**Required work**: Start at the first line below and write out everything verbatim except the pictures.

Top of Information provided

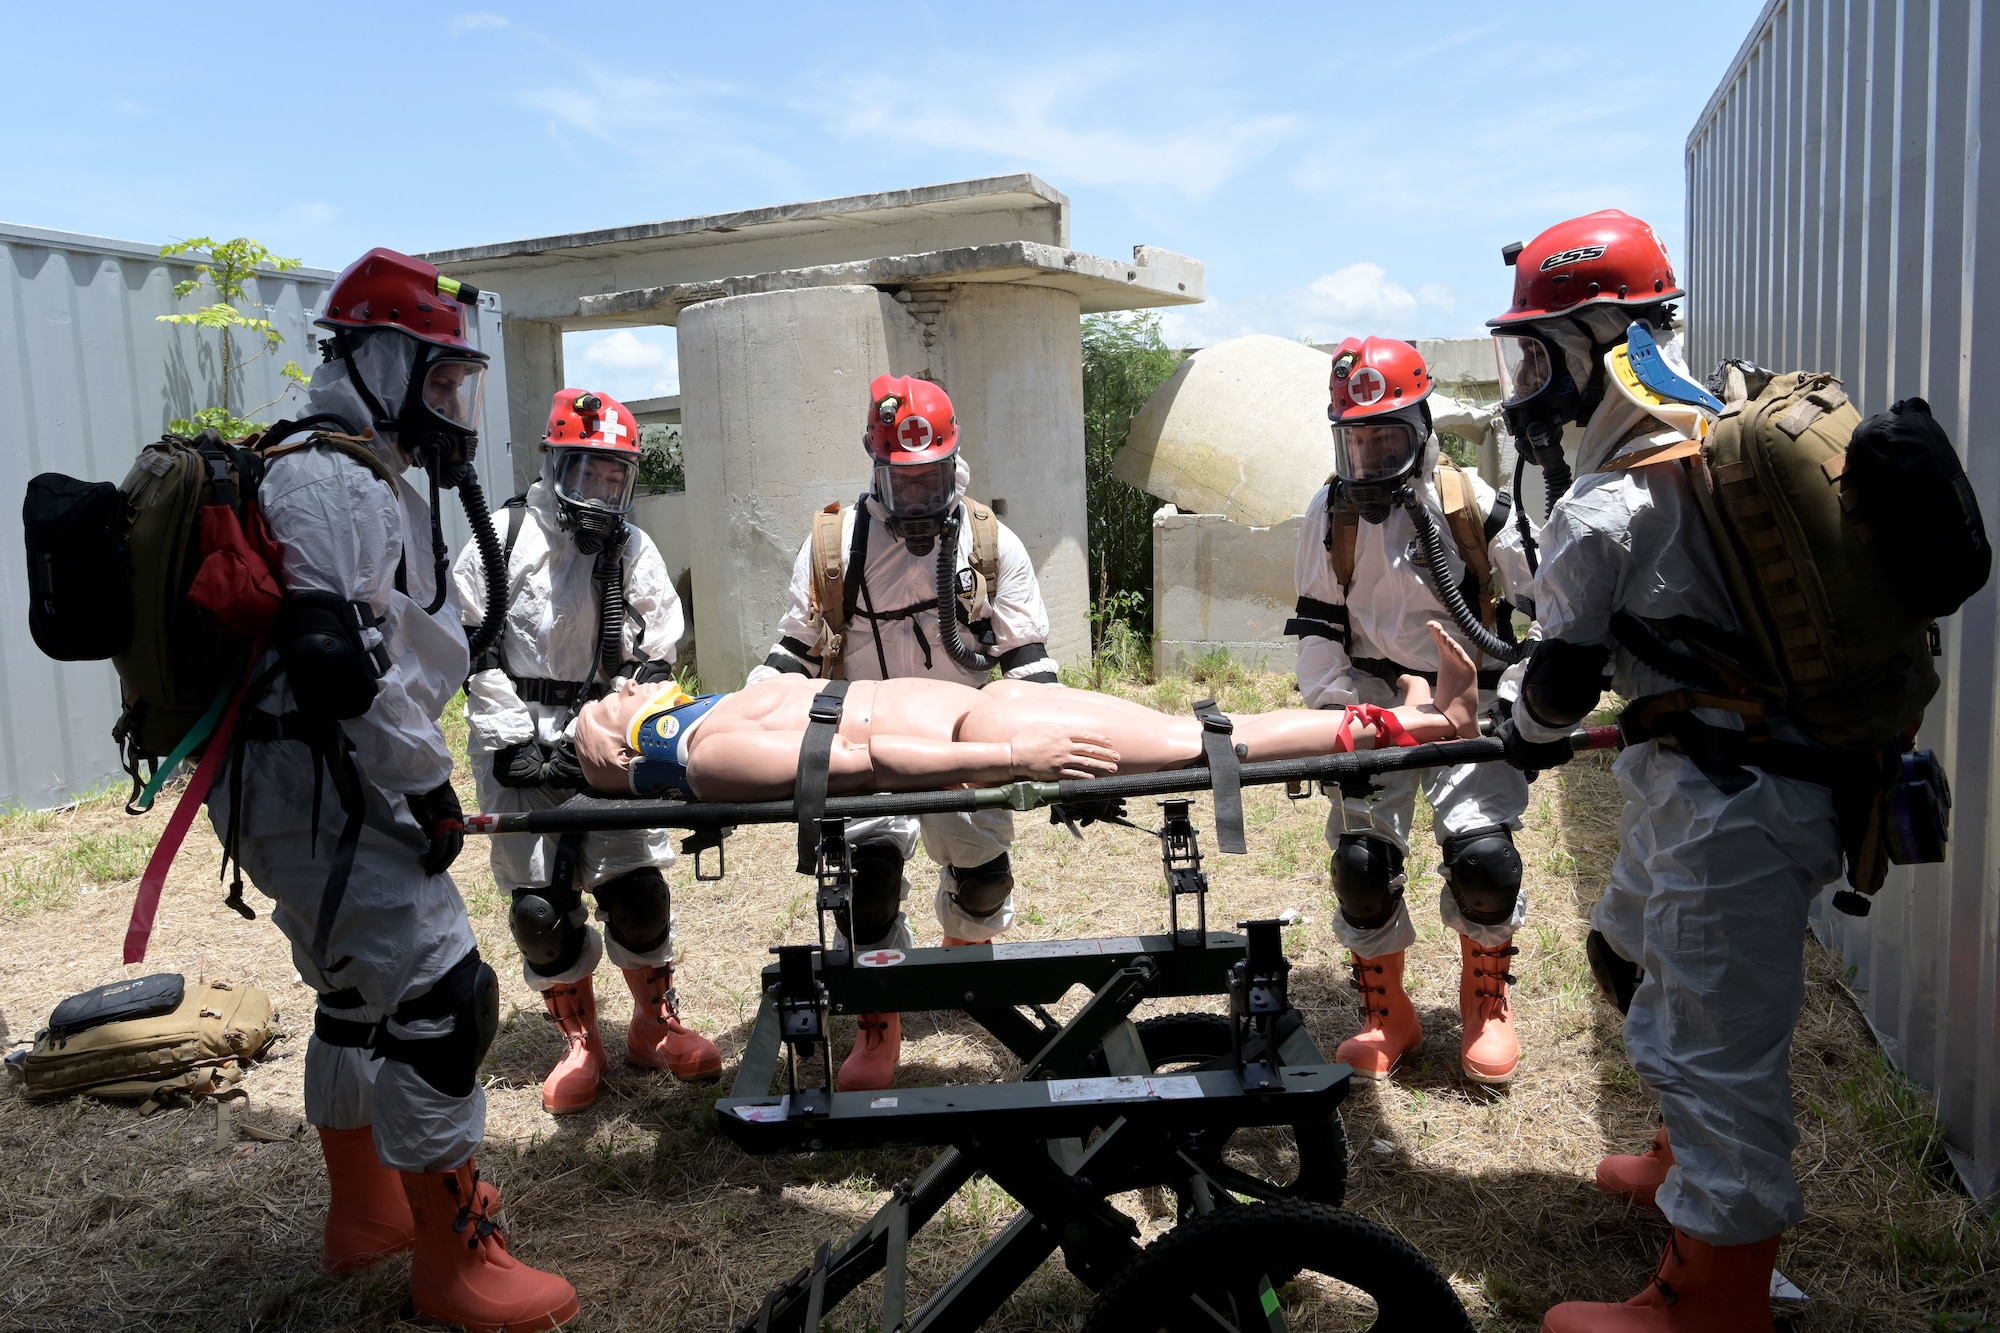 U.S. Airmen with the 156th Medical Group Detachment 1, Chemical, Biological, Radiological, Nuclear and high-yield Explosive Enhanced Response Force Package, assess, stabilize and prepare to transport a simulated victim during a search and extraction training exercise at Camp Santiago Joint Training Center, Salinas, Puerto Rico, Aug. 19, 2021.
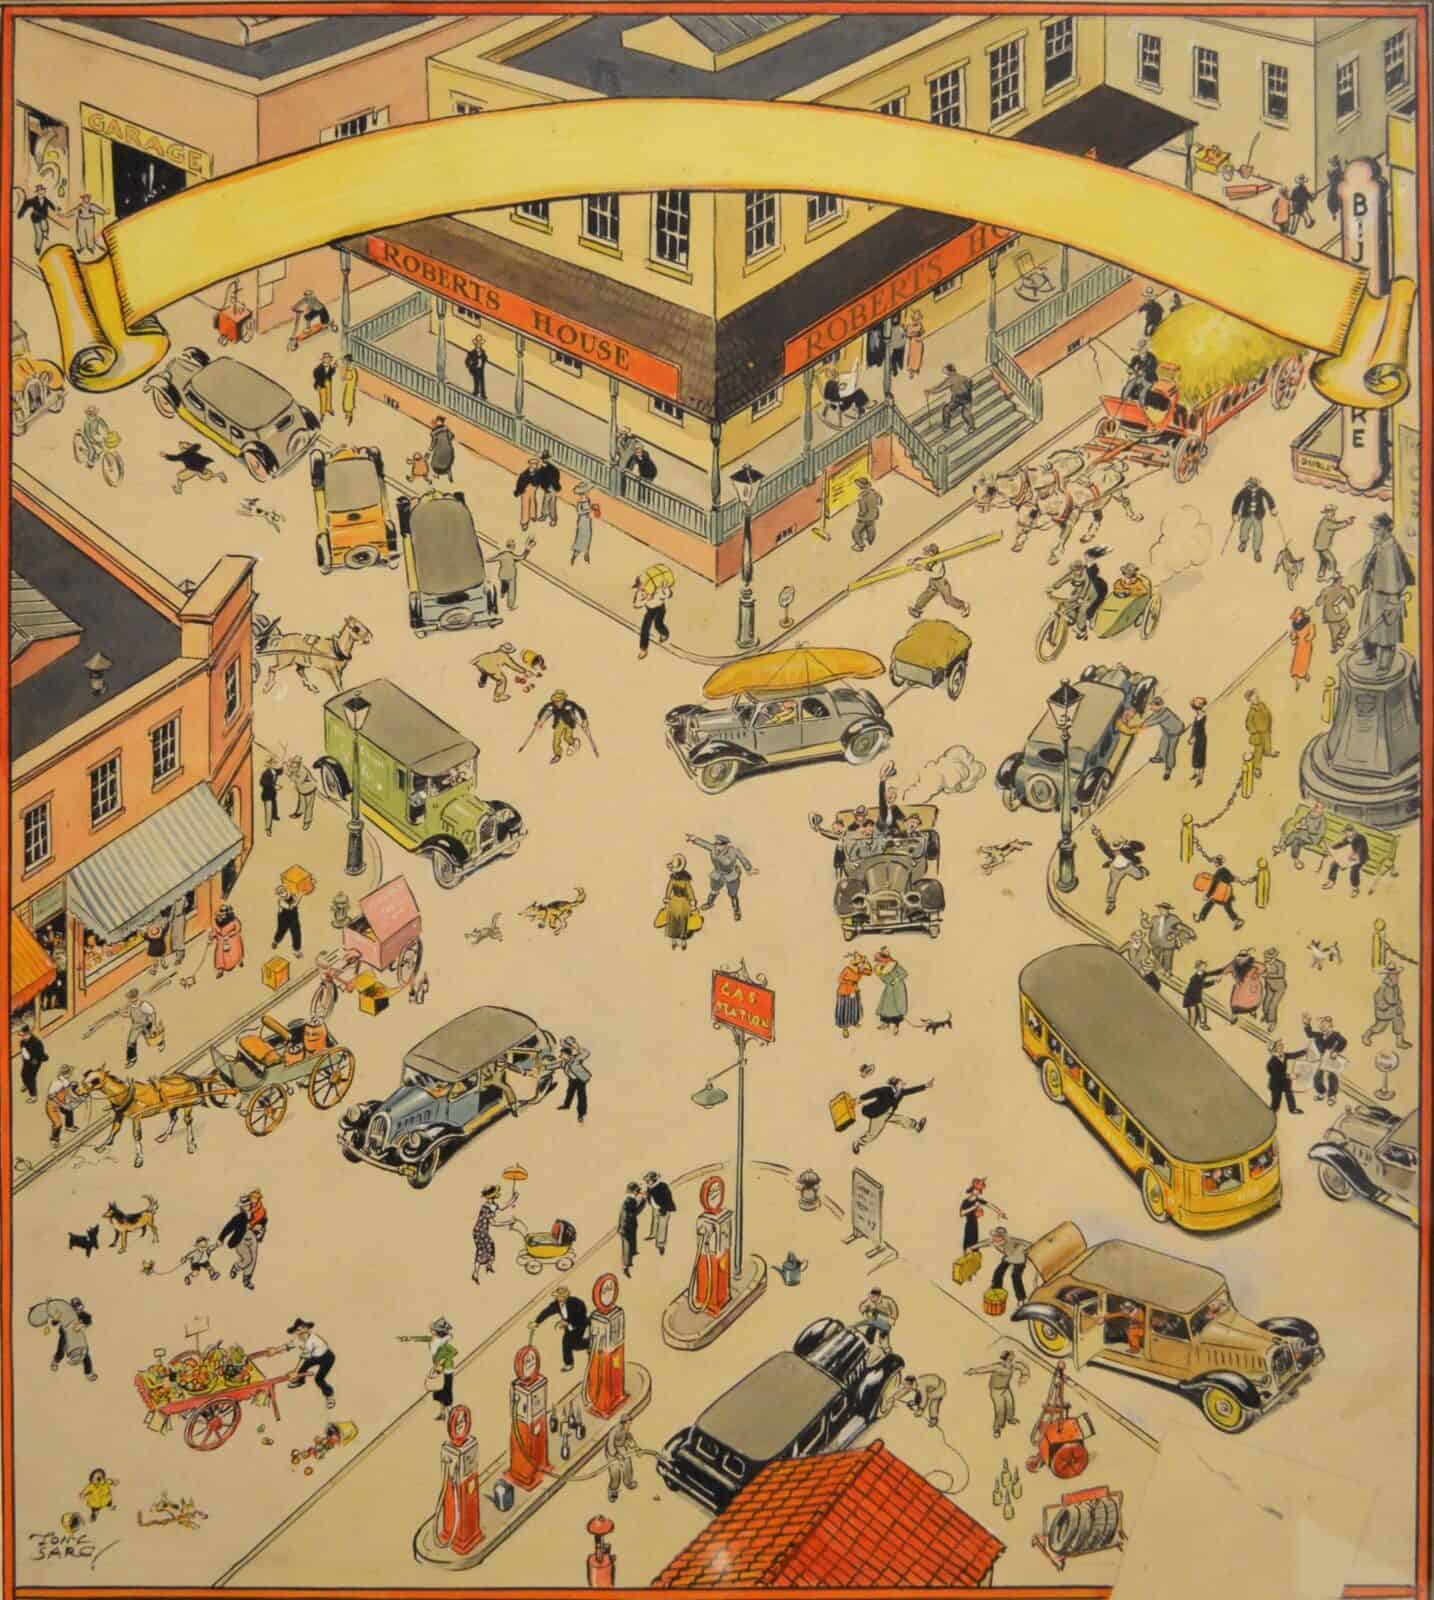 An intersection fills with traffic of all kinds in Tony Sarg's illustration of early 20th-century New York.
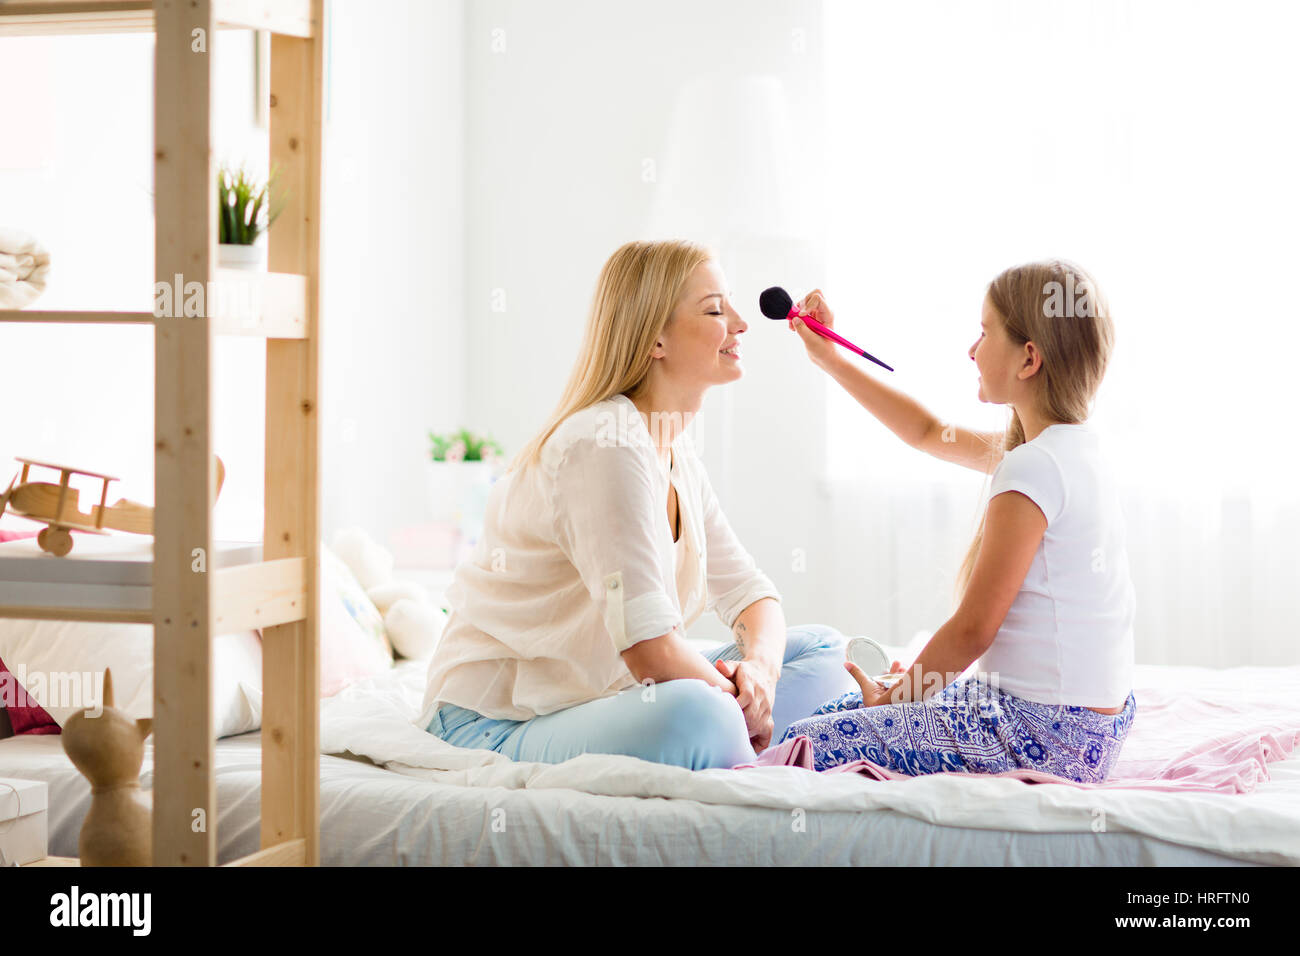 Teenage daughter having fun playing beauty salon with her young blond mother and putting makeup on her face with big puffy brush Stock Photo

Bottom of Information provided

**Solution for this exercise**:
 U.S. Airmen with the 156th Medical Group Detachment 1, Chemical, Biological, Radiological, Nuclear and high-yield Explosive Enhanced Response Force Package, assess, stabilize and prepare to transport a simulated victim during a search and extraction training exercise at Camp Santiago Joint Training Center, Salinas, Puerto Rico, Aug. 19, 2021.
 An intersection fills with traffic of all kinds in Tony Sarg's illustration of early 20th-century New York.
 Teenage daughter having fun playing beauty salon with her young blond mother and putting makeup on her face with big puffy brush Stock Photo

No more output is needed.